Wry Catcher
Diamond Member
- Thread starter
- Banned
- #261
I thought the essence of your argument was that the rich did not create jobs.
Whether or not taxes are raised crosses into two areas that I have a problem with and neither is connected with creating jobs:
1. If taxes are to be raised, then all people should bear the increase equally. The poor disproportionately receive the fruits of government tree and should have to pay tax for this. They do not. Where is their fair share?
If you raise the tax by 1% on the rich, then apply that 1% to the poor also and eliminate all credits, write offs, deductions and hide-aways for everyone. Obviously, 1% of a million beats 1% of $30,000.
If you owe 1%, then pay it.
2. When the government receives money, it wastes it. There is no accountability. No matter how much they get, they are still short of the amount that they spend. Unless and until there is some kind of accountability, there is no use in wasting more with this gang of blind and retarded economic leaders.
How's that 2009 budget coming along, Harry?
If the tax liability affects only a small percent of the population, then there is no real outcry when a tax is increased.

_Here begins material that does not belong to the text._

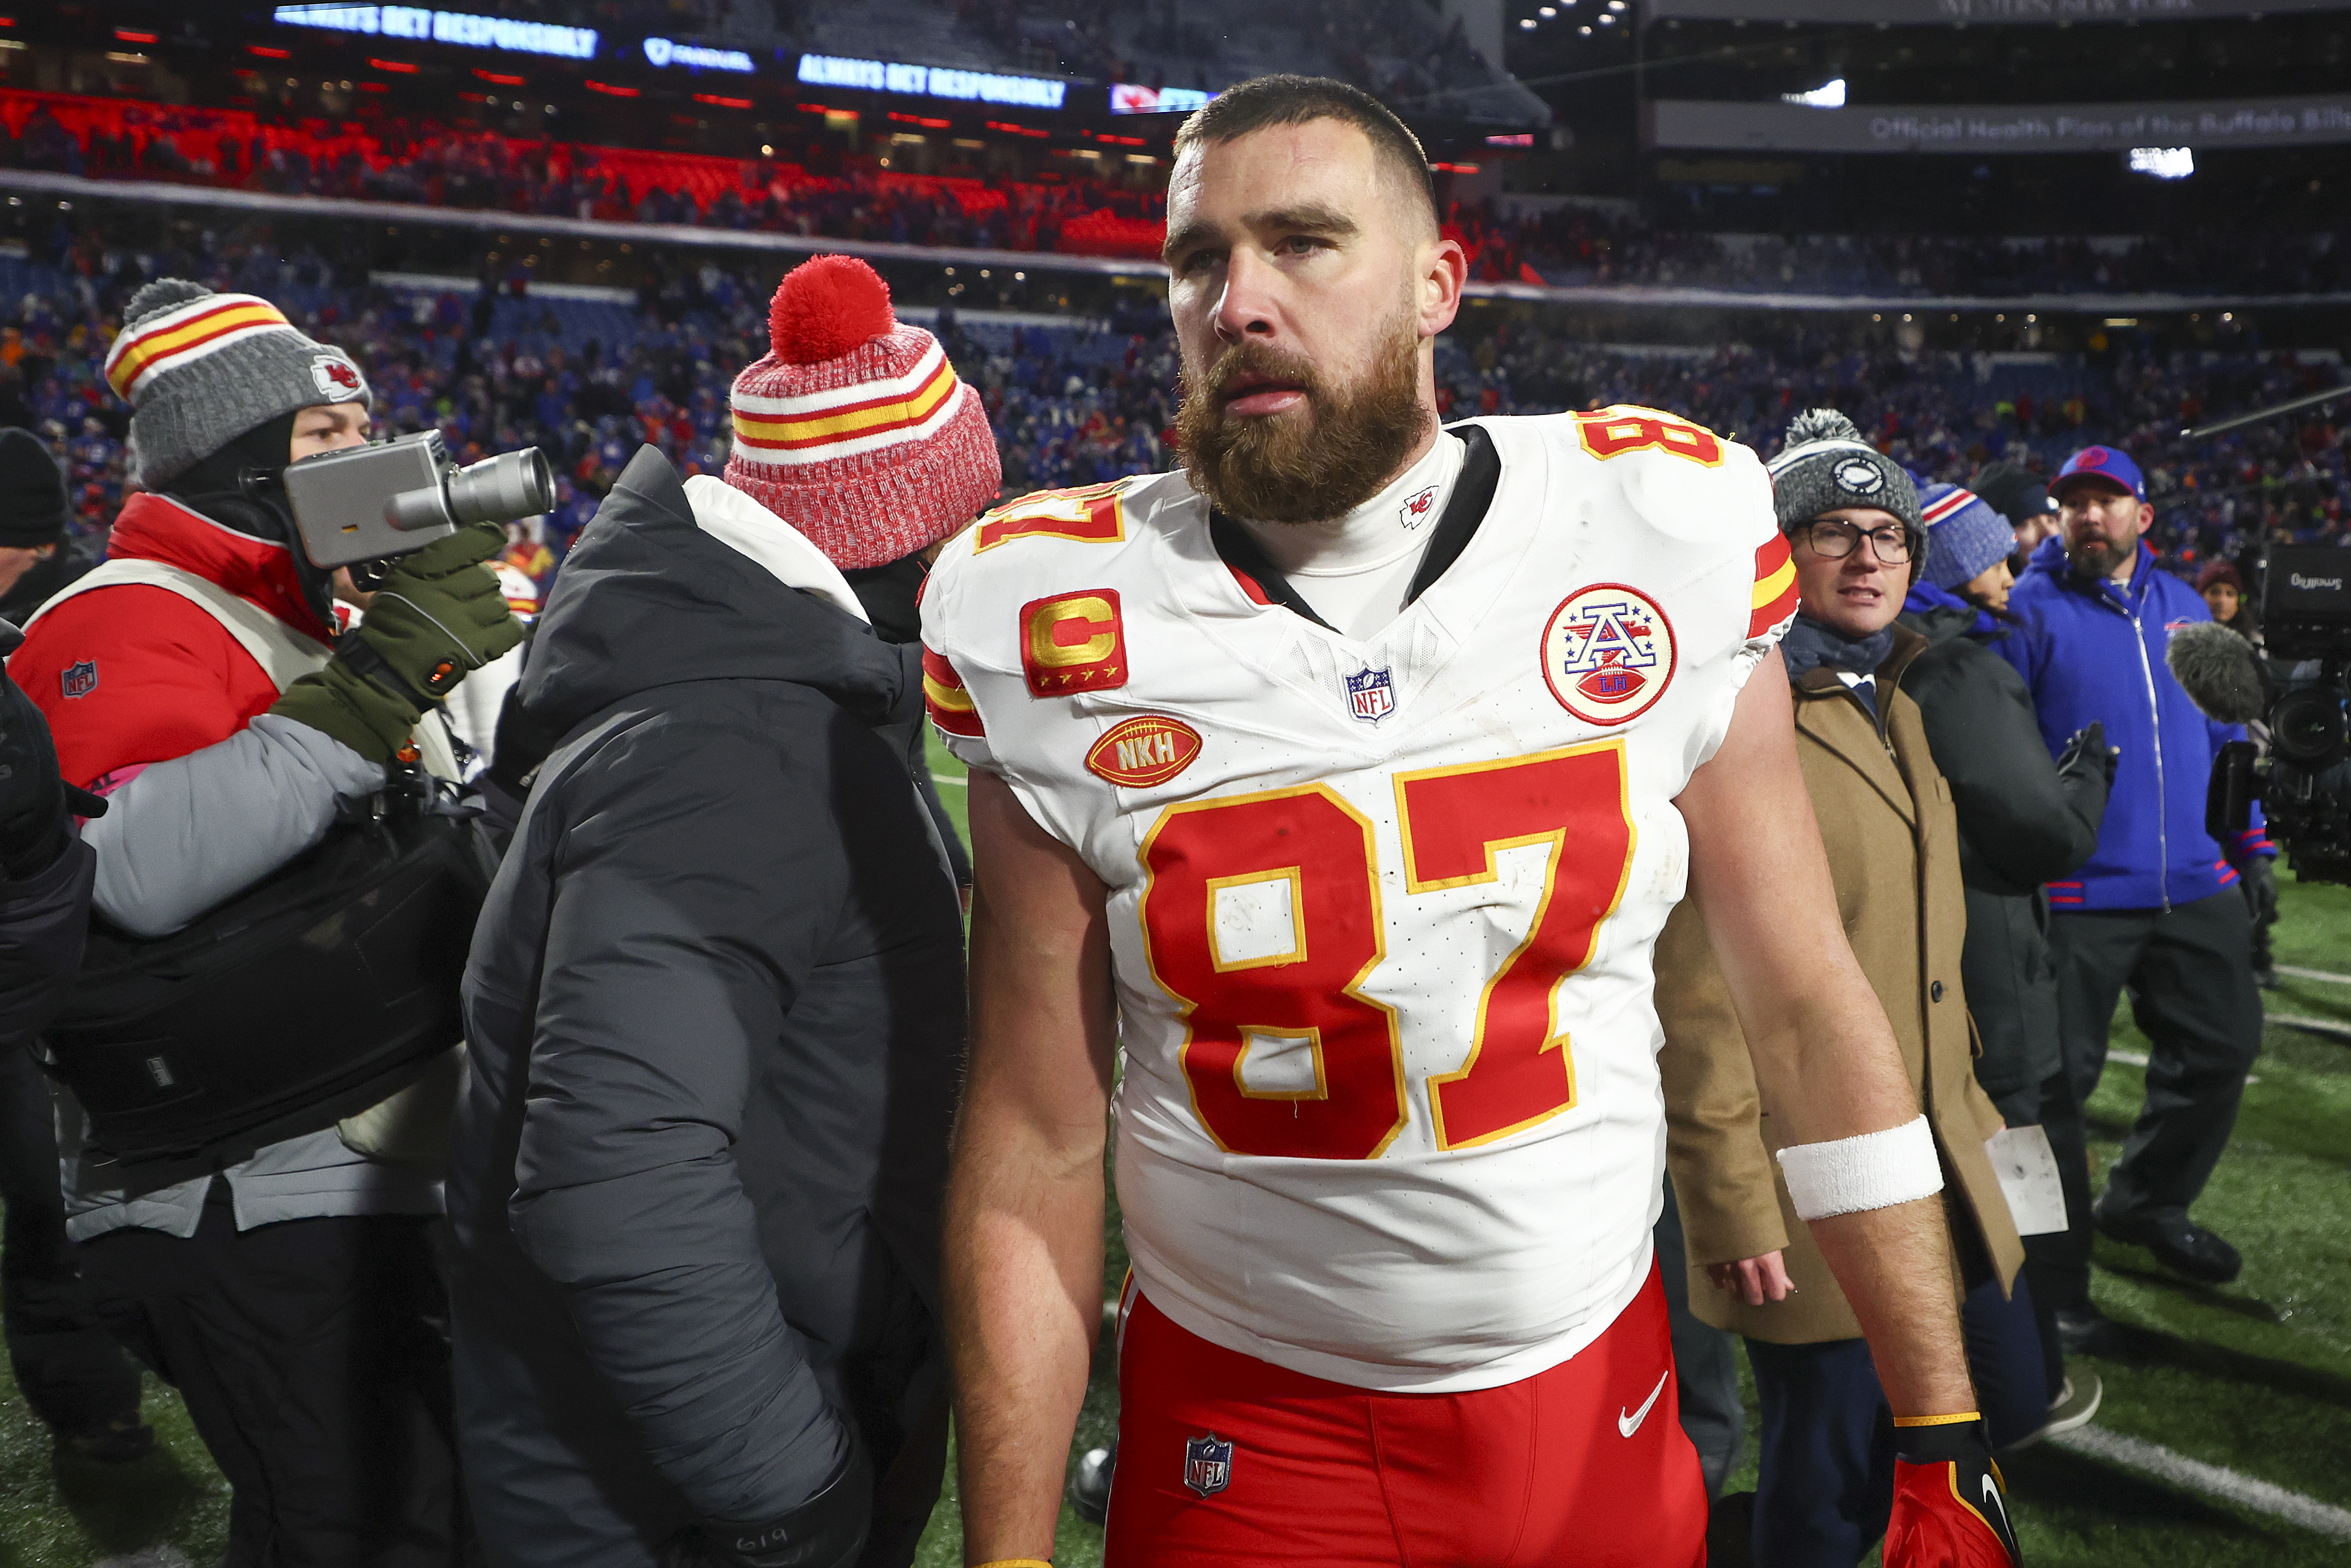 Taylor Swift tips stadium worker $100 at Travis Kelce's Chiefs game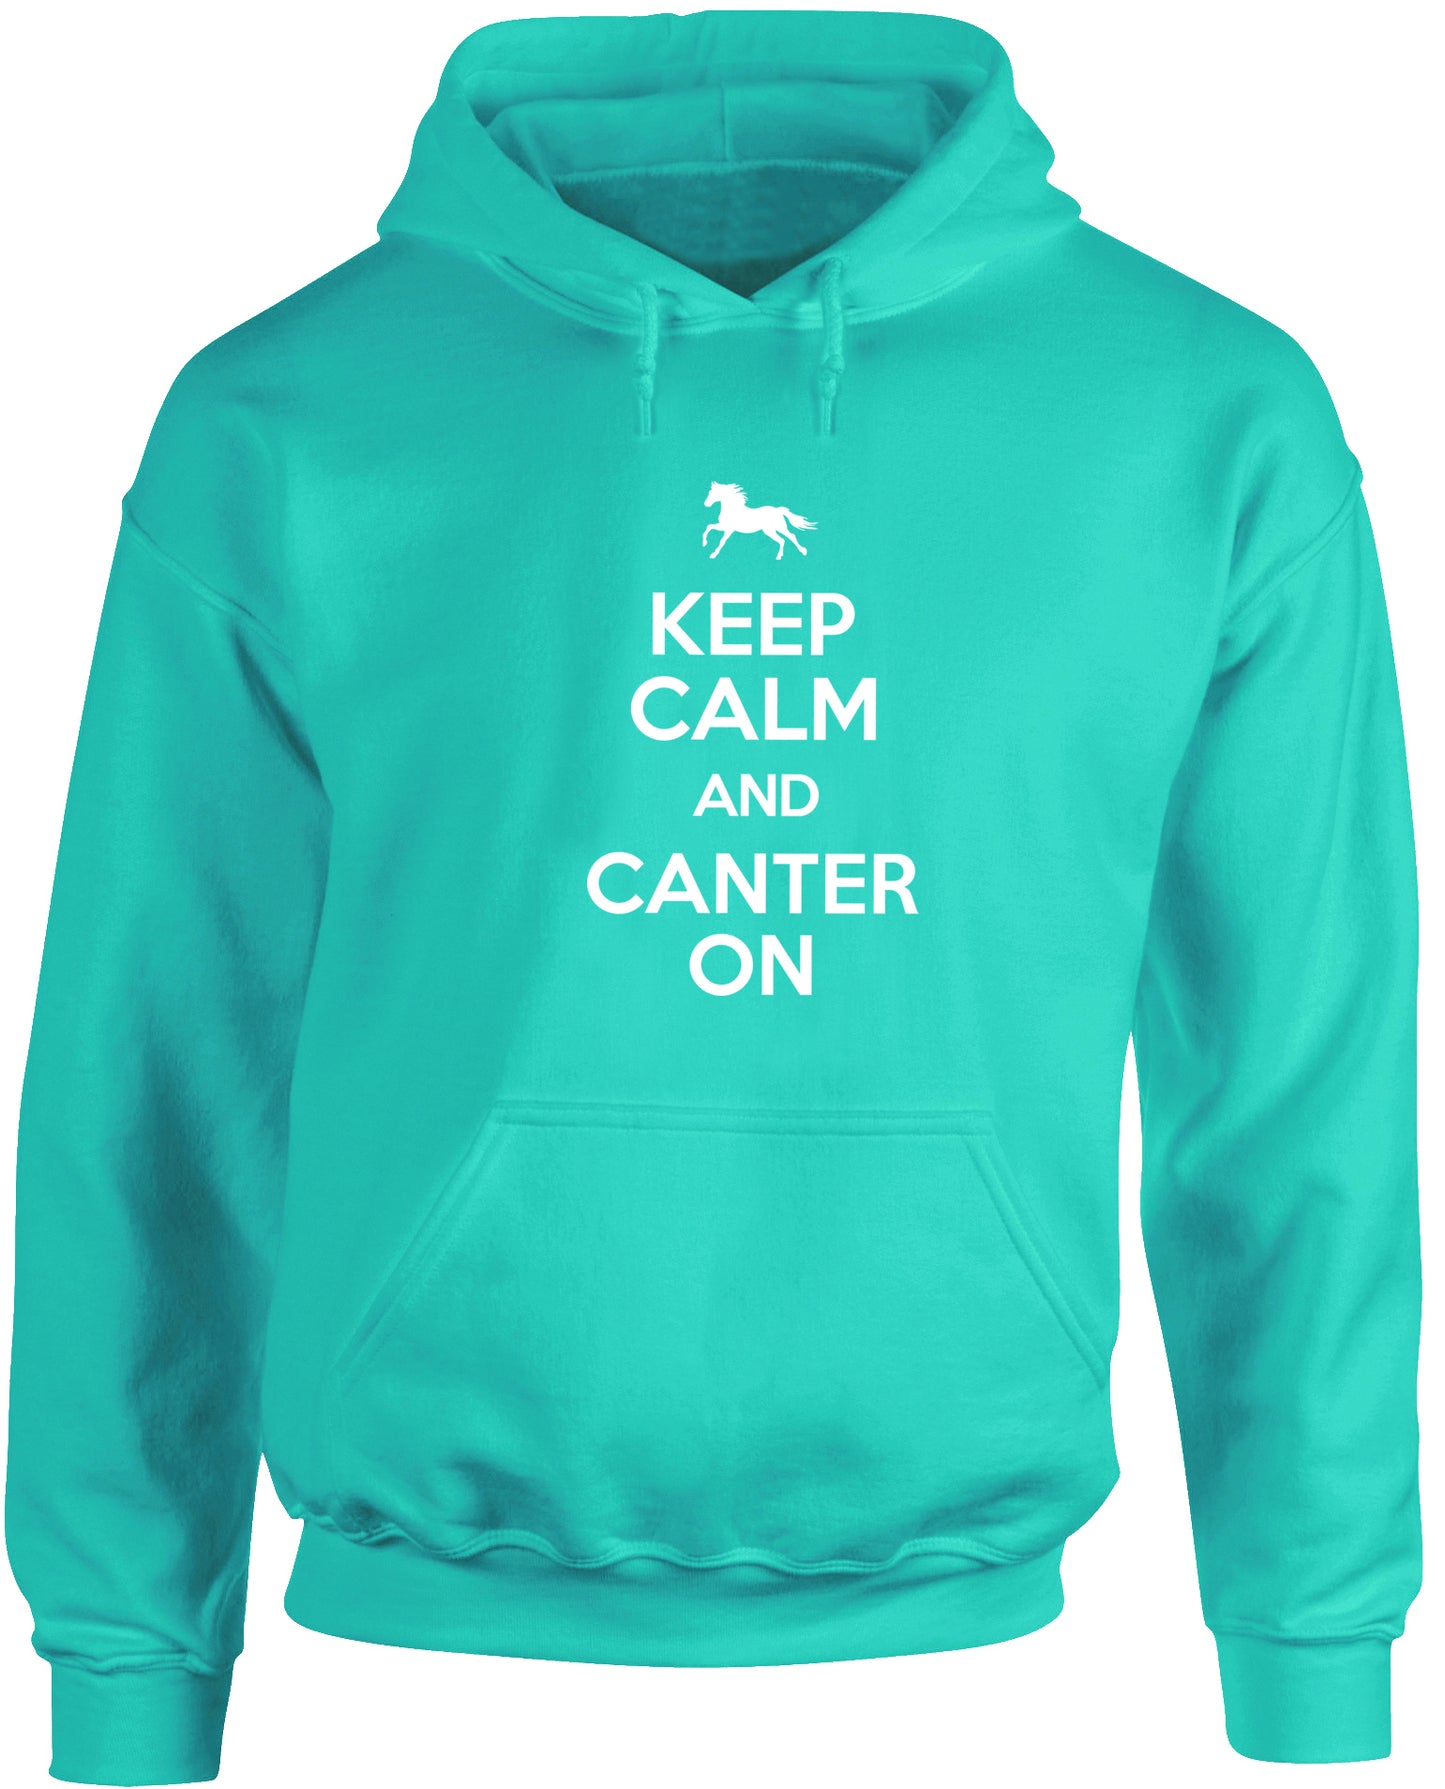 Keep Calm and Canter On Horse Riding unisex Hoodie hooded top

When Nixon implemented the Lottery as the mechanism for the draft, the riots ended because the affected population reduced from everyone to a small sliver. This is the same tactic AND it includes Class Warfare so it's perfect for public opinion driven politicians and therefore, Democrats.
"I thought the essence of your argument was that the rich did not create jobs." Wrong! I simply asked for evidence that the 1% were job creators. Seems the only examples are Gates and Jobs, both of whom created jobs as their ideas took hold and a huge market was established (allowing insider traders to share information on a can't miss making the wealthy richer).